A comprehensive design strategy based on the conformational distribution lowers melting points while keeping magnetic properties. The obtained compound shows the lowest melting point (36.6 °C), the widest enantiotropic N* phase temperature range (43.6 °C), high thermal and chemical stability, and a positive magneto-LC effect. The design strategy focusing on conformational ensembles in the most influential substructure in the crystallinity would be universally applicable to organic materials. The PEEM of the new LC-NR suggests its durability in a vacuum and in synchrotron radiation. We observed XMCD-PEEM of the new material. This is the first work to visualize the magnetic structures in LC phases. Furthermore, this compound would be widely applicable as a metal-free compound for magnetically transportable carriers in optofluidics.49–52

Author contributions

Y. U., T. A. and T. O. designed the study; T. A., D. K., X.-Q. M., S. N. and T. Y. performed the synthesis, the measurements and the analyses of phase behavior and magnetic properties; T. O. performed the XAS and XMCD-PEEM measurement and their analyses; Y. U., T. A., T. O. and N. N. wrote the paper.

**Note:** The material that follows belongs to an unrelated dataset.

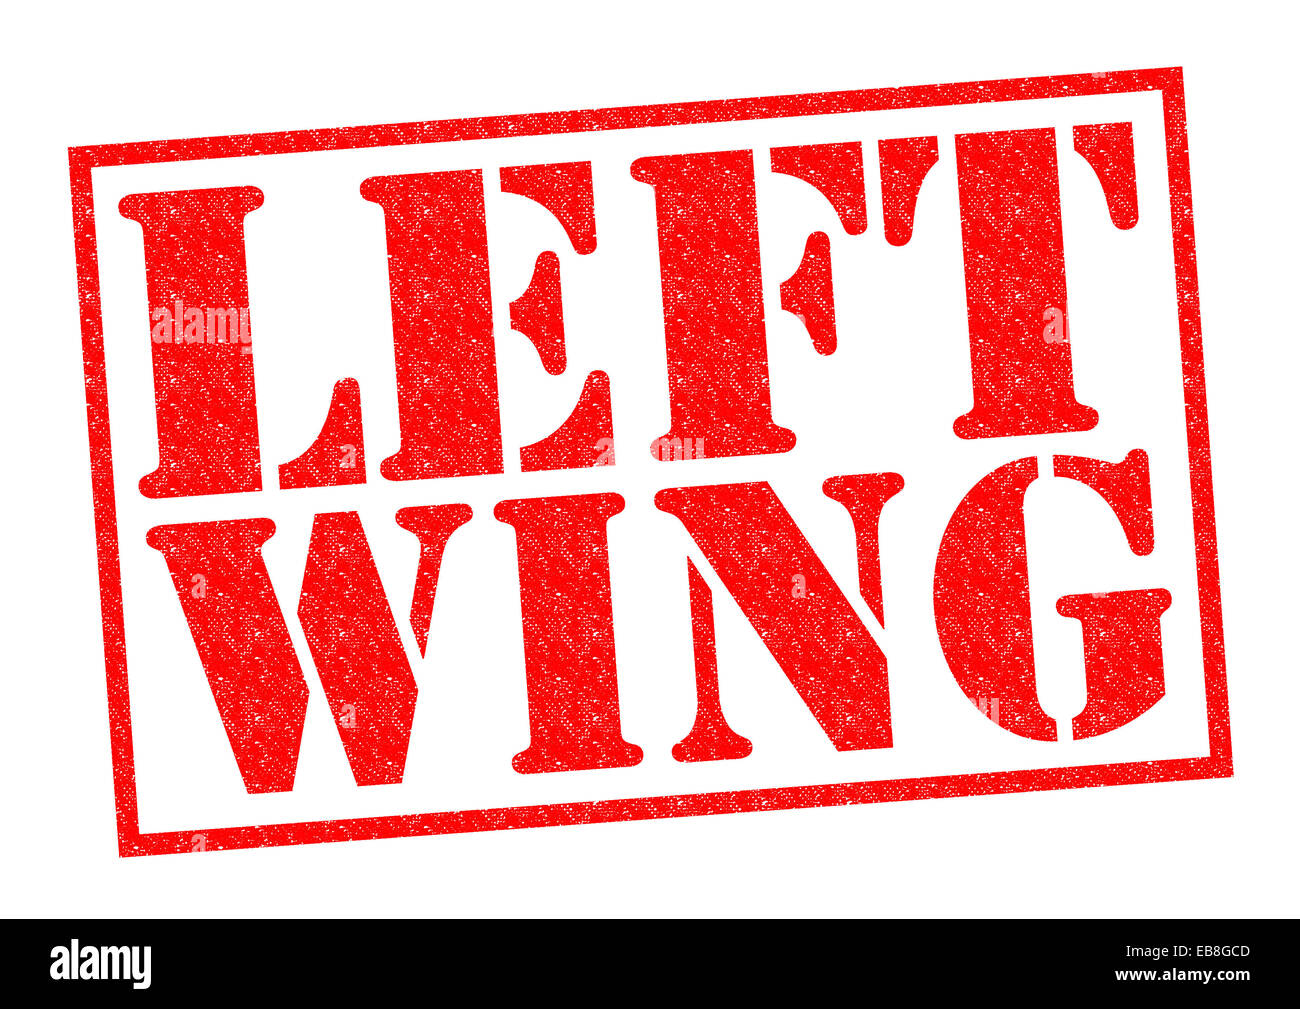 LEFT WING red Rubber Stamp over a white background. Stock Photo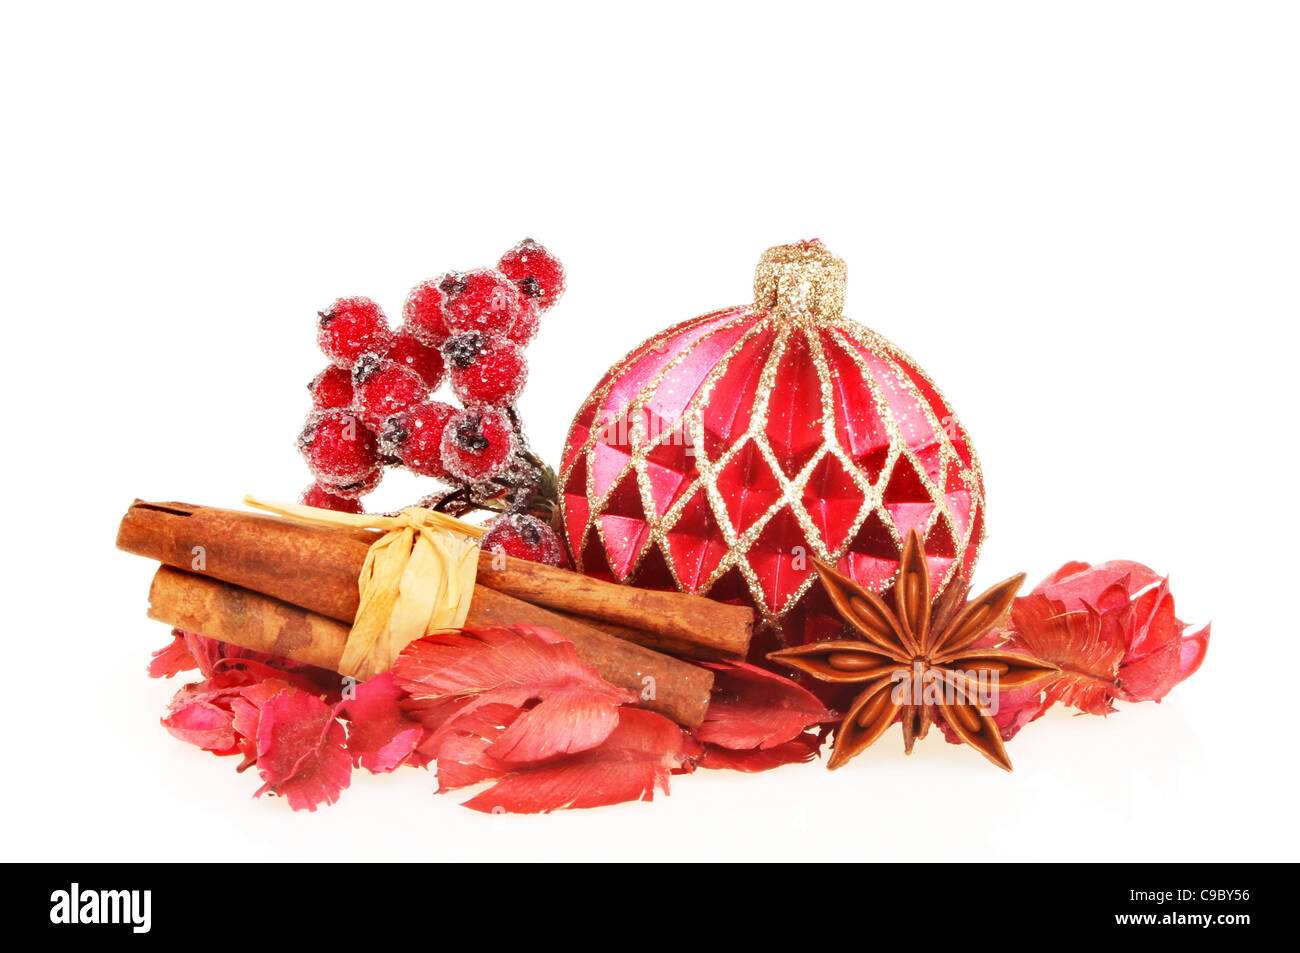 A Christmas theme, decorative bauble, potpourri, spices and a frosted berry decoration isolated on white Stock Photo

All authors discussed and commented on the paper.

Data availability

The data supporting this article have been included as part of the ESI.

Conflicts of interest

There are no conflicts to declare.

Acknowledgements

The experiments at SPring-8 were performed with the approval of the Japan Synchrotron Radiation Research Institute (Proposal No. 2016B1189, 2017A1220, 2017B1236, 2018A1183, 2018A1404, 2018B1096 and 2018B1075 (BL17SU)). The authors extend appreciation to Professor Tsuyoshi Kimura, the University of Tokyo, for SQUID magnetometry, to Professor Takeshi Naota and Dr Takatoshi Maeda, Osaka University, for X-ray crystal structural analysis, to Professor Miki Hasegawa, Aoyama Gakuin University, and Professor Rui Tamura and Dr Naoto Nakano, Kyoto University, for helpful advice, and to Dr Misaki Ota, Mr Takeru Omiya, Mr Takuto Nakai, Mr Takuya Naruta, Mr Koki Sasaki, Ms Eriko Moriwaki, Osaka University, for XMCD-PEEM experiments. This work was supported in part by the Japan Science and Technology Agency (JST) ‘Precursory Research for Embryonic Science and Technology (PRESTO)’ for a project of ‘Molecular technology and creation of new function,’ by JSPS KAKENHI Grant Numbers JP17H04896, JP20K21226, JP20H05161 and JP22H02158, by “the Itoh Chubei Foundation,” and by “Toyota Physical and Chemical Research Institute Scholars.” T. A. is very grateful to the JSPS Research Fellowships for Young Scientists JP16J05585. The computations were performed using Research Center for Computational Science, Okazaki, Japan.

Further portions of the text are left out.